# VST kein sound?



## Derdada (22. April 2008)

Guten Tag..

Ich wollte mich mal ein wenig mit VST / VSTi auseinandersetzen. Habe mir den ASIO4ALL Treiber besorgt und einige VST Hosts (Chainer,REAPER,Minihost und VSThost). Dazu habe ich mir dieses Plugin besorgt: http://www.gtgsynths.com/Synth_zips/GTG_DrumSampler_II_GM.ZIP.

Nur wenn ich jetzt auf den Drums rumklicke oder eine Wav erzeuge, gibt es keinen Output, d.h.: es kommt kein Sound.

Ich bin Absoluter beginner auf diesem Gebiet, habe ich irgendwas vergessen? Brauche ich eine spezielle Soundkarte?
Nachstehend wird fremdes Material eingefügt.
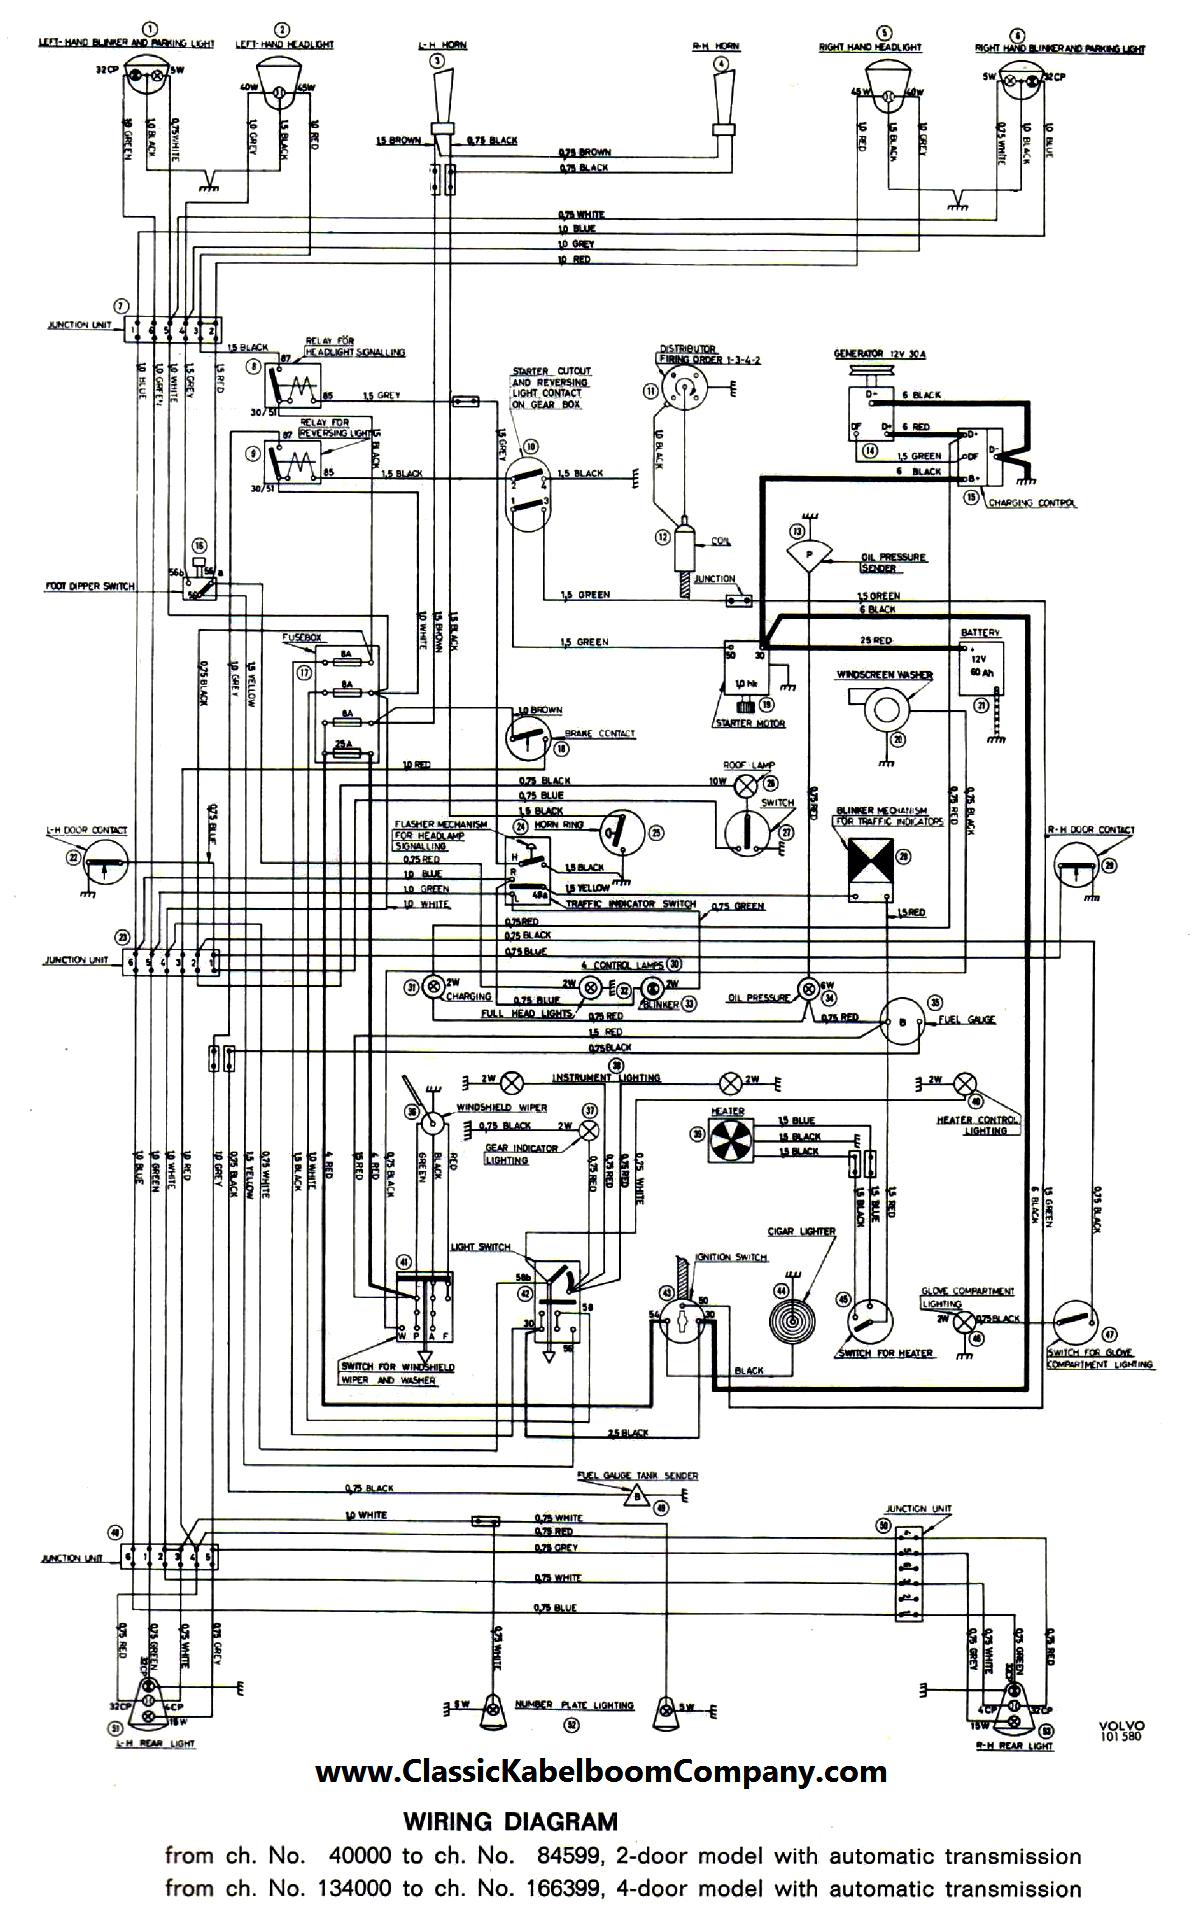 reliance transfer switch wiring diagram reliance transfer switch cover elsavadorla

Ich hoffe, es kann mir jemand helfen,

Gruß, Derdada


----------



## Icarus (23. April 2008)

Hallo Derdada
Ich kenne die von Dir erwähnten VST-Hosts nicht, jedoch kann ich bestätigen, das Asio4all mit der normalen Standard-Soundkarte funktioniert, bei mir klappte es jedoch ohne jegliche Probleme oder weitere Einstellungen.
Ich kann mir deshalb höchstens vorstellen dass es an den Einstellungen des VST-Hosts liegt!


----------



## redybull (26. April 2008)

Hi,
kenne die Applikation auch nicht, eventuell "alter " Standard, dass Drums MIDI-Kanal *10 * verlangen? ..kam nur drauf, weil in dem Namen "GM" ergo General MIDI enthalten ist und Drums dort nur im Kanal 10 ansprechen, aber nicht getestet.

LG
Andreas


----------